Algorithms

Core Discrete Operators

From ops = DiffusionOps(cap):

\[K = G^\top W^{-1} G,\quad C = G^\top W^{-1} H,\quad J = H^\top W^{-1} G,\quad L = H^\top W^{-1} H.\]

With coefficient weighting, assembly effectively uses weighted variants of these blocks.

Unknown Layouts

Mono

Unknown blocks are ω (cell values) and γ (interface traces):

x = [ uω
      uγ ]

Canonical mono layout uses contiguous blocks of length ntotal.

Diph

Unknown blocks are ω1, γ1, ω2, γ2:

x = [ uω1
      uγ1
      uω2
      uγ2 ]

Canonical diphasic layout uses four contiguous blocks of length ntotal.

Steady Mono Assembly

At time t:

\[\begin{bmatrix} A_{11} & A_{12}\\ A_{21} & A_{22} \end{bmatrix} \begin{bmatrix} u_\omega\\ u_\gamma \end{bmatrix} = \begin{bmatrix} b_\omega\\ b_\gamma \end{bmatrix}\]

with

\[A_{11}=K,\; A_{12}=C,\; A_{21}=\operatorname{diag}(\beta)J,\; A_{22}=\operatorname{diag}(\beta)L+\operatorname{diag}(\alpha)\Gamma,\]

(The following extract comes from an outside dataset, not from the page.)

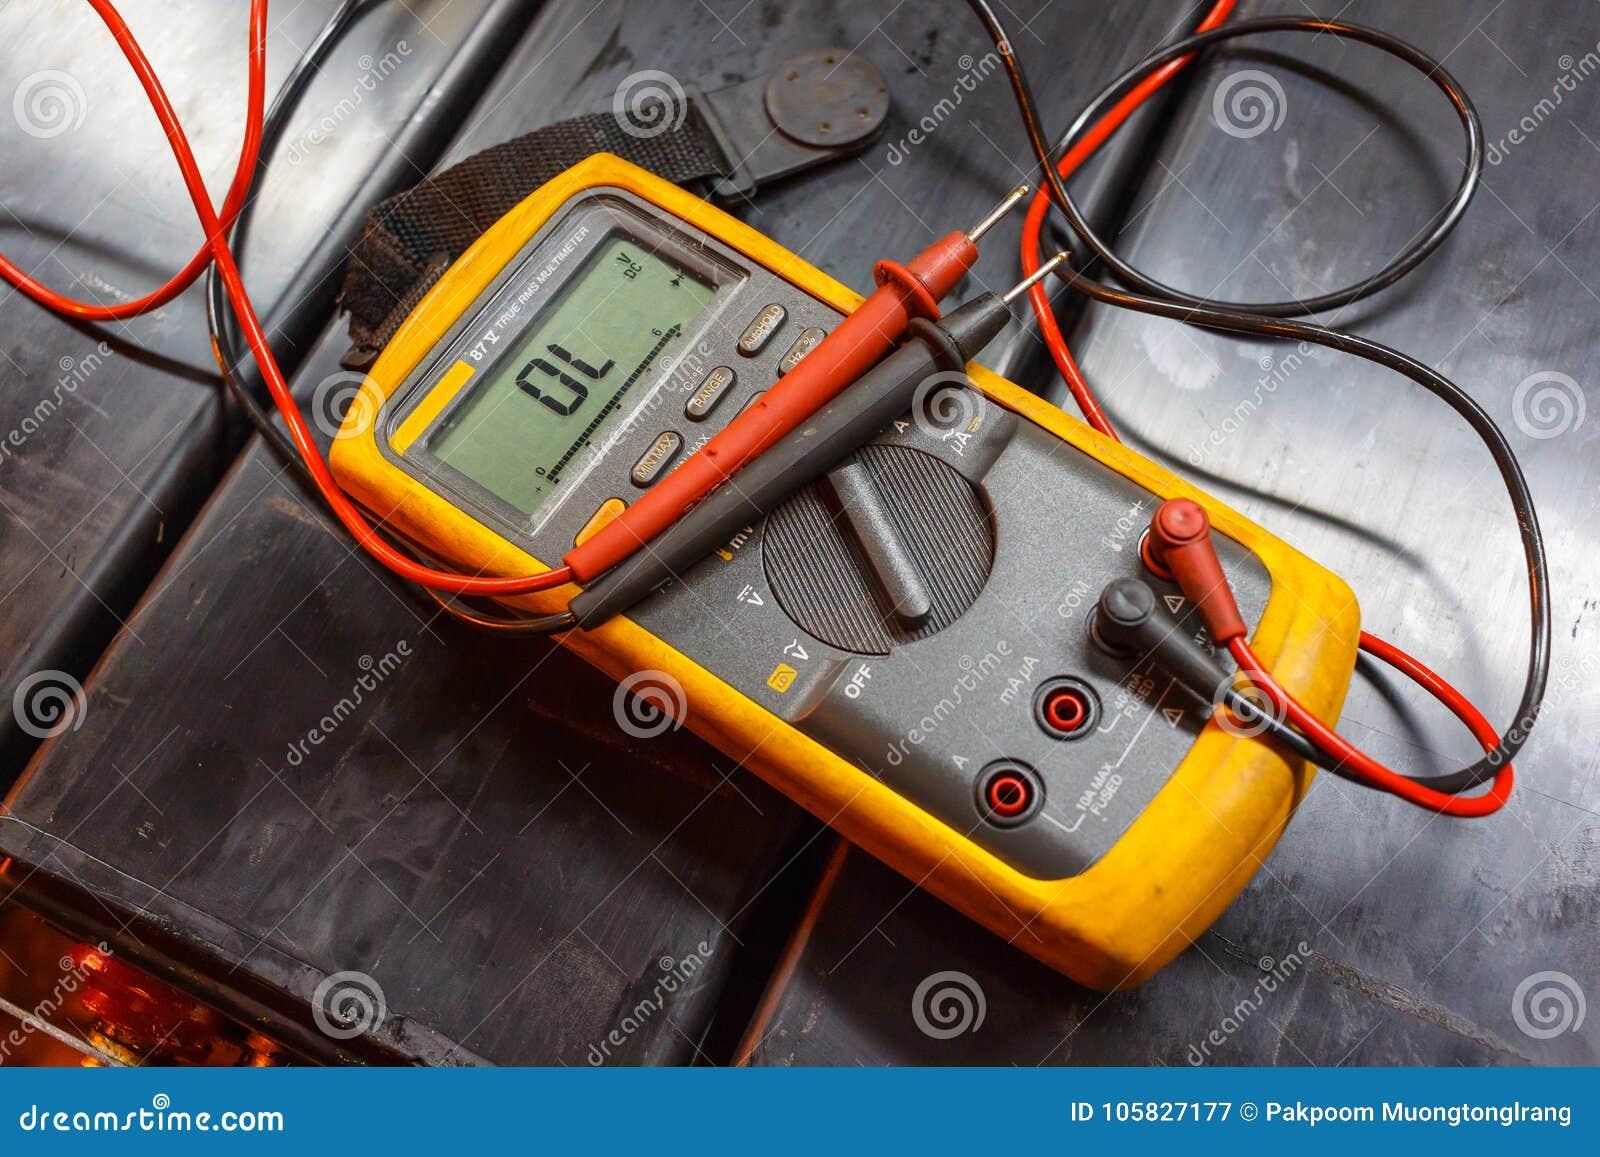 Multimetro elettrico giallo
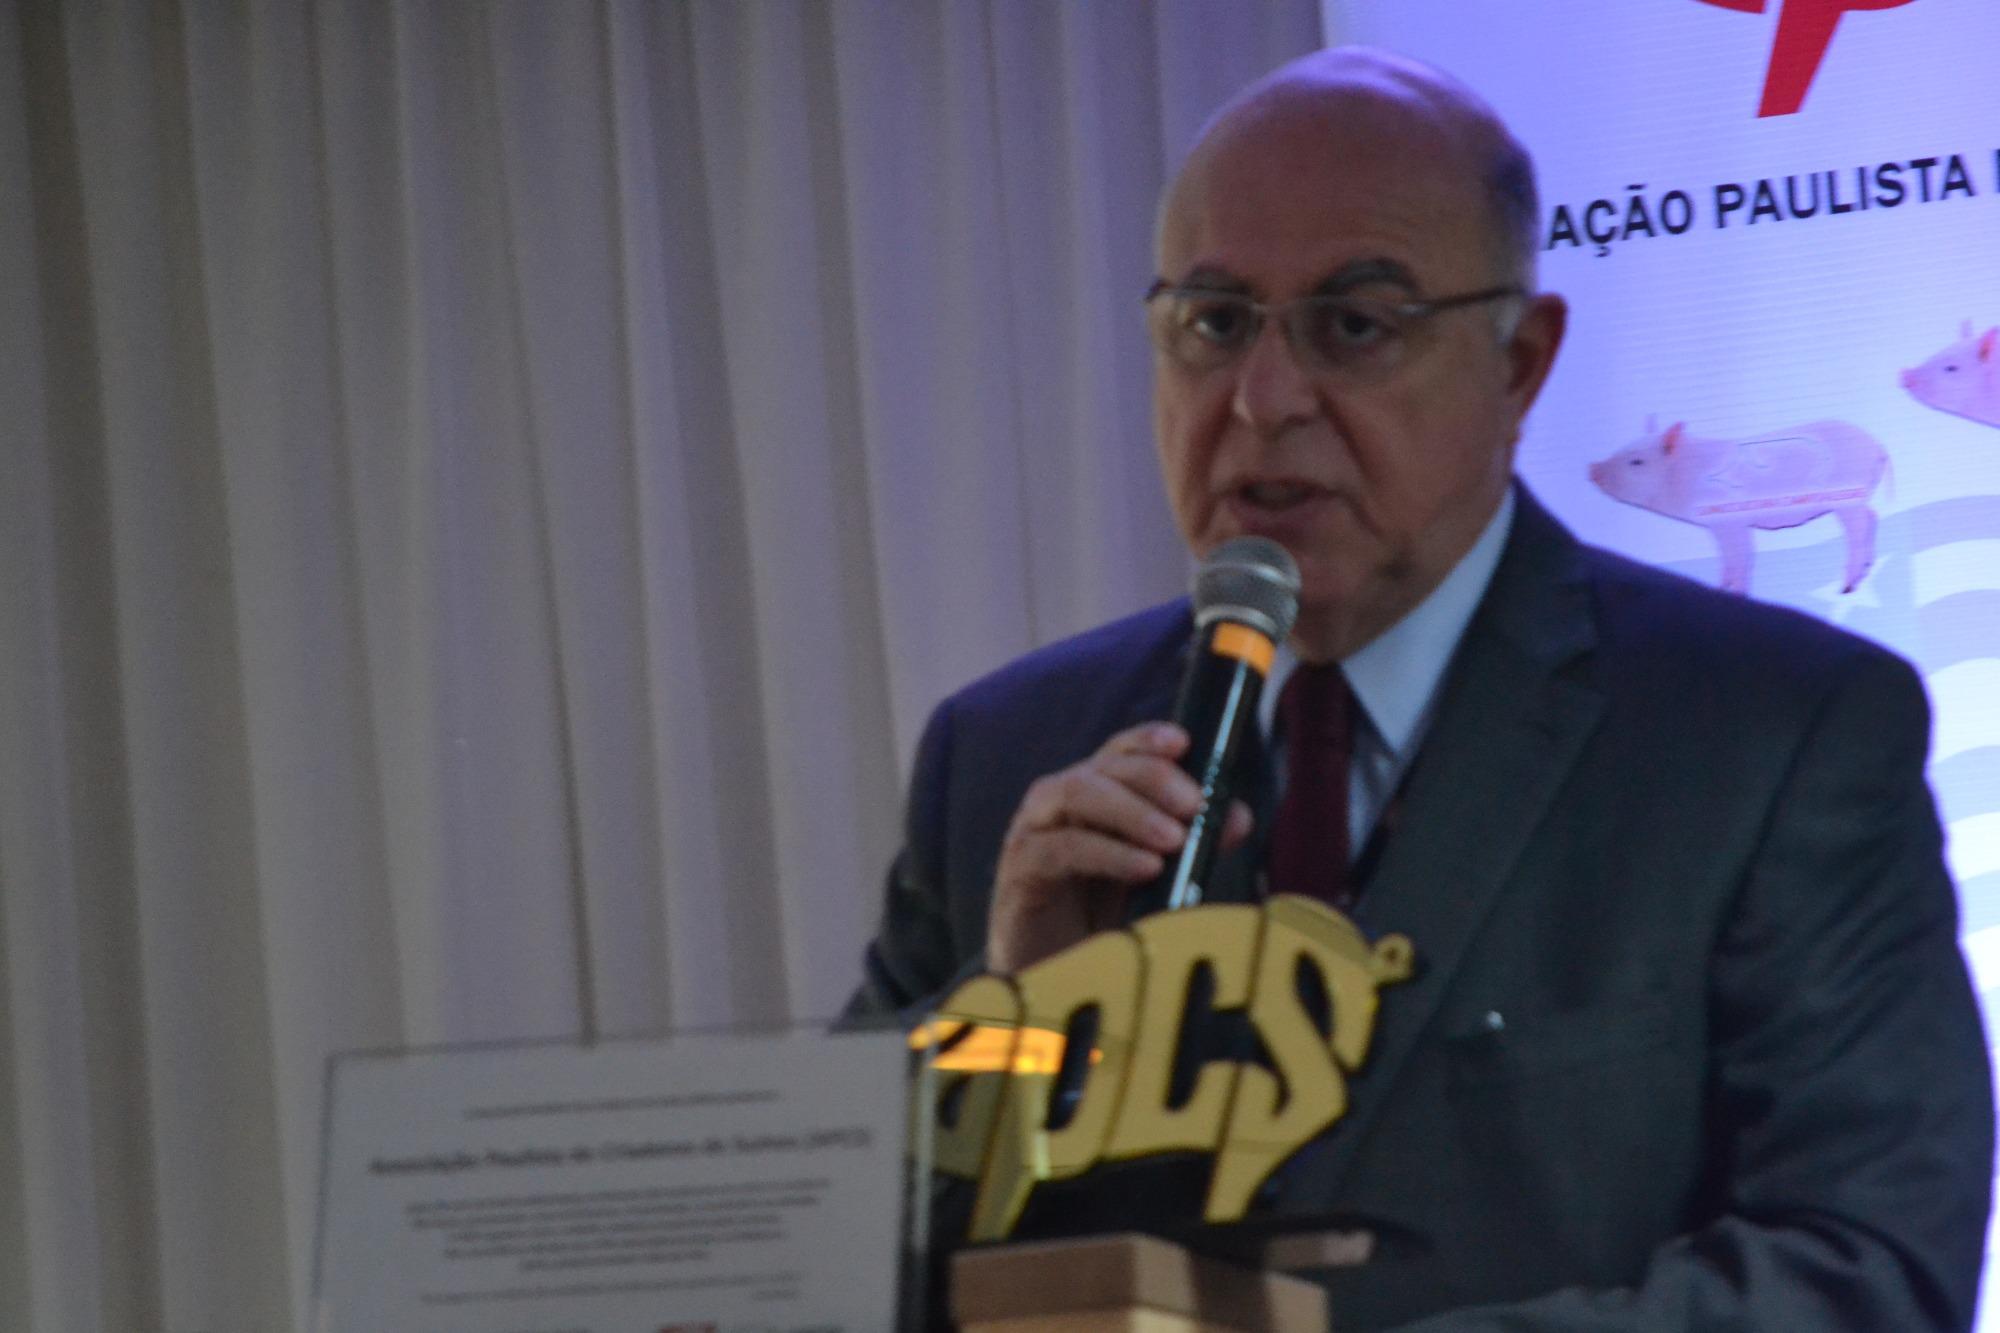 Valorizando as ações entre APCS e o Estado, Arnaldo Jardim fala sobre a importância da associação para São Paulo

\[b_\omega = V f_\omega,\quad b_\gamma = \Gamma g_\gamma.\]

Unsteady Mono (`θ`)

Fixed geometry:

Assemble steady operator at t + θΔt.
Scale previous-step contribution on ω rows by (1-θ).
Add mass diagonal M = V/Δt on ω rows.

Moving geometry:

build slab (V^n, V^{n+1}, slab cap/ops),
use Ψ+, Ψ- weights for birth/death handling,
sample diffusivity-weighted operator blocks at t^n + θΔt,
sample/interface data at slab C_γ,
for θ<1, blend interface/source data between t^n and t^{n+1}.

Steady Diph Assembly

Two per-phase diffusion rows plus two interface rows:

[ ω1-row ]  diffusion phase 1
[ γ1-row ]  scalar-like interface relation
[ ω2-row ]  diffusion phase 2
[ γ2-row ]  flux-like interface relation

Supported interface combinations:

scalar row: ScalarJump or RobinJump,
flux row: FluxJump or RobinJump,
either row can be omitted (nothing), defaulting to identity regularization on that block.

Unsteady Diph (`θ`)

Fixed geometry follows the same pattern as mono, applied to both ω1 and ω2.

Moving diphasic:

slab geometry and per-phase volumes are rebuilt every step,
Ψ weights control active/inactive transitions,
source data are θ-blended in time,
scalar and flux interface coefficients/data are θ-blended in time on slab C_γ.

Inactive/Halo Regularization

Inactive or halo rows are transformed to identity constraints:

keeps systems non-singular in cut/dead-cell situations,
stabilizes moving-interface steps with fresh/dead cells,
avoids removing rows/cols and preserves consistent layouts.

Constant-Operator Reuse in `solve_unsteady!`

For fixed-geometry models:

detect matrix and RHS time dependence from callbacks,
if both are time-invariant and dt is unchanged: assemble once, reuse factorization, update RHS only,
otherwise assemble every step.

Moving models currently rebuild each step (no constant-operator reuse).